Inspirational short story about a tea-deliverer

Dreams on a Pivot

If a single man can fester a thousand dreams then his is a story that definitely must be told. But what about the thousands who dare to dream thanks to this one man? Isn't theirs a story worth telling as well? Here I have caught one such dream and brought it to you to show that dreams still have a place in this world. Please note, all characters in this story are fictional except for one!
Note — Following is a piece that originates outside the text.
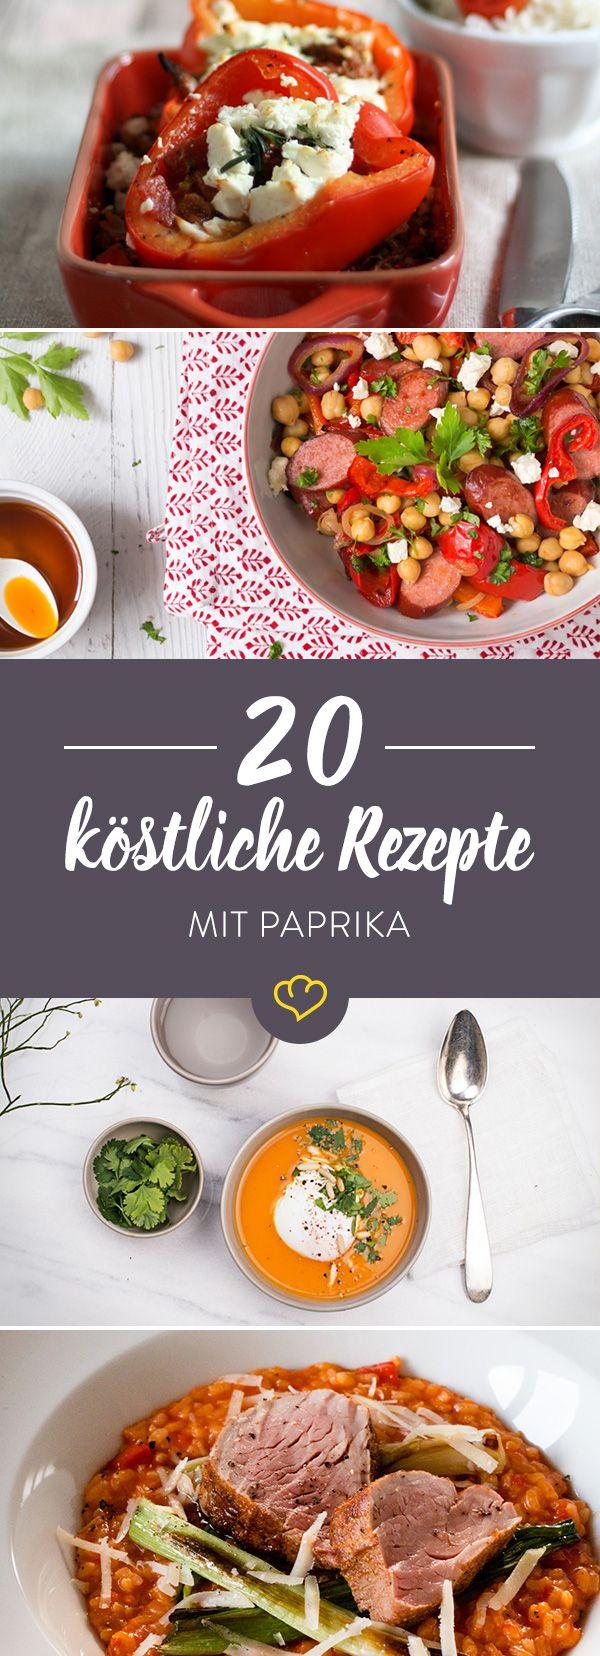 Die schönsten Paprika im Land präsentieren sich als cremiges Süppchen, knackiger Salat oder gefüllt vom Ofenrost. Wer wird dein Favorit?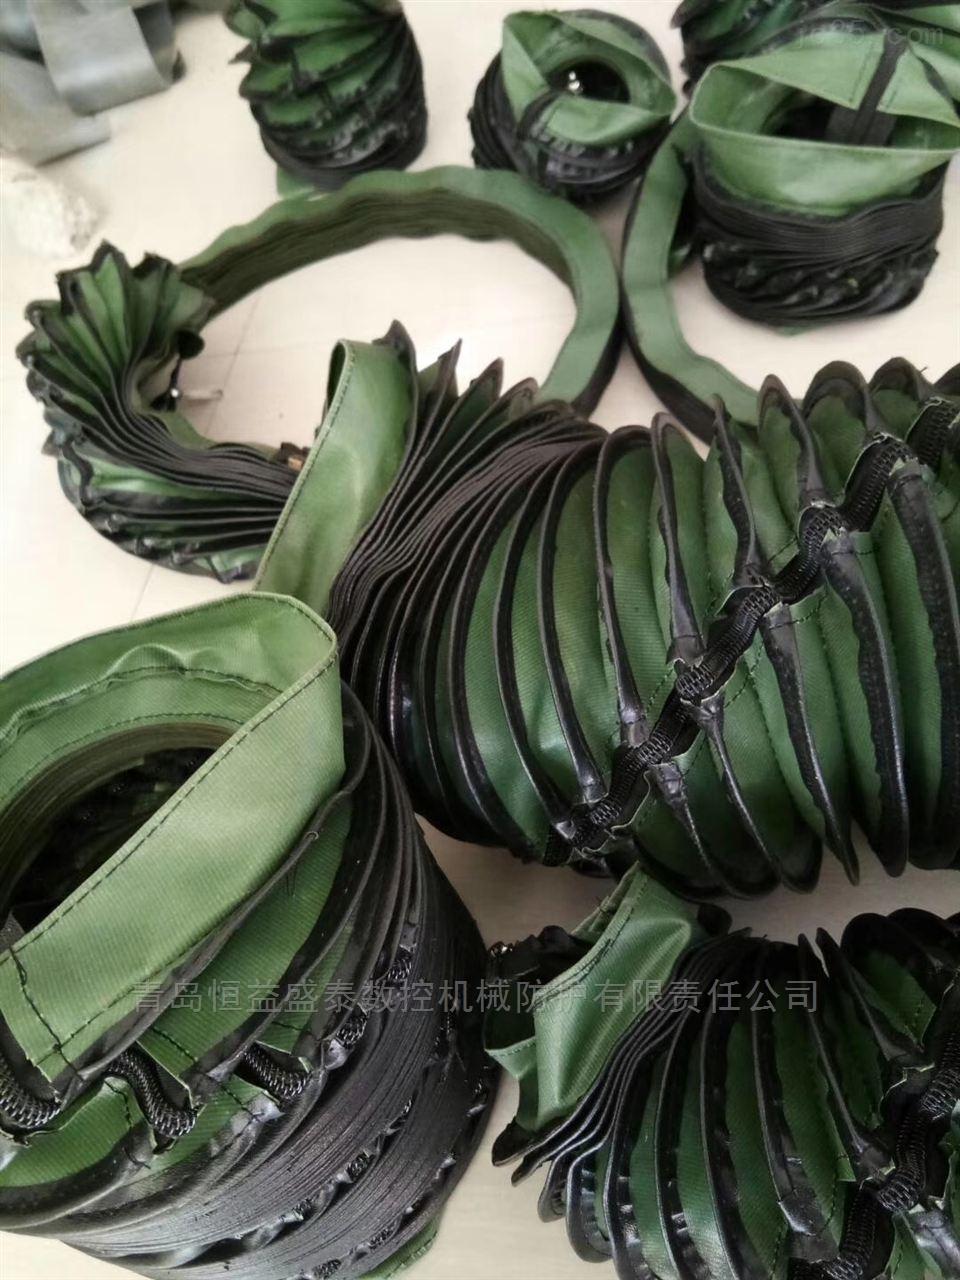 缝制粘锁式防尘罩-魔术贴式防护罩

Munna was the average tea-deliverer in the city of Mumbai. He rode everyday from his shop in Mandvi Marg to the offices nearby delivering dozens of cups of tea. One day, he was late for his delivery, so he took his friend’s cycle and began gliding down the road in supersonic speed. “Move, move,” he called out. The cycle’s ring had long been broken and he had to rely only on his verbal intonations to warn people of his approach. A passerby failed to see the speeding cycle and Munna had to swerve at the last minute to avoid colliding into him. “Can’t you see where you are going? Do you see mountains falling anywhere? Stop speeding like this!” The angry passerby vented his fury at the boy by spitting on the ground and pounded his fists at him. But Munna was already half-way down the road.`
With the road somewhat clearing now, Munna began to pedal with confidence and his scrawny legs had to move quickly to keep up with the momentum. A fine breeze began to blow behind him and he felt like he was on top of the world. It would soon come. The spot he would wait to pass everyday. It after all had the poster of his hero stuck to its wall. He finally came upon it and he slowed his cycle to a slow trickle. His heart swelled when he looked at the elegant man’s face in the poster. He had a square-jaw, thick lips and wore rimless glasses. His lips were parted like he had been captured in a moment of great oration. Munna smiled, he vowed he too would own a face like that one day. He too would address people from a platform and raise his hands when he wanted to say something important. He too would nod his head airily at people and the audience would laud him, besot him with innumerable praises, sing anthems in his name and promise to vote for him and only him. What a day that would be...
Suddenly the tea glasses trembled. A speeding car had just shaken the very foundations of the antiquated road. Munna’s reverie broken by the jangling sound, pulled him back to reality. Shit! he thought, he really had to hurry now. The face of the supervisor flashed before his eyes and he could only think of pedalling faster and faster till the wind was behind him again.
“Slow…slow! Do you have a meeting with God?,” Laxman, the security-officer bellowed at Munna through his tobacco-stained teeth. Munna stood gasping at the entrance of the building that housed the offices of various computer sales and services companies. He had braked his cycle just in time to avoid a near-fatal collision with a bike that was coming out of the ‘In’ gate.
 “How old are you!” Laxman barked at the boy helping him steady the cycle.
“Eight,” Munna said still reeling under the disastrous consequence that could have been.
“Eight! And you think you are a big hero?”
“No…it was getting late, so I just…”
“Just what... thought you could ride the cycle like those heroes! Corrupting everyone’s minds, that’s what they do, the movies.” Laxman‘s face was beating with anger.
Munna had no time to listen to the ramblings of an old man. He quickly embarked upon his cycle and banged at the pedal putting the cycle into quick motion. “Do you fancy yourself to be some kind of martyr?” Laxman continued. He was the sort of man who couldn’t stop talking whenever life offered a chance. And a chance this was, to speak his heart and vent his fury at everything in general and nothing in particular. “If life means so little to you, why not barter it for a few rupees. At least you can make one man happy...” Munna was beyond earshot. He was not even close to lending his ear to anything at the moment. “And if that one man is somebody other than yourself consider you have done a good deed...” Laxman realised the futility of his non-stop tirade. No one had bothered, nothing had shaken, everything had gone back to being the same. “Pesky children...” he muttered and settled himself back  heavily into the closest chair. He continued muttering some incomprehensible words under his breath.
Munna quickly parked the cycle and ran up the stairs with the parcels of snacks and tea. He had four flight of stairs to climb before he could reach the office of ‘AMOL Network Services Pvt. Ltd’. He began to find the going to tough after completing just the first flight. How was he going to finish the rest? Between the gasping and sweating, he remembered some words his hero had spoken...he repeated them climbing one-step at a time.
“The reins of the country should remain with the people,” Munna said vociferously. The steps became easier to climb.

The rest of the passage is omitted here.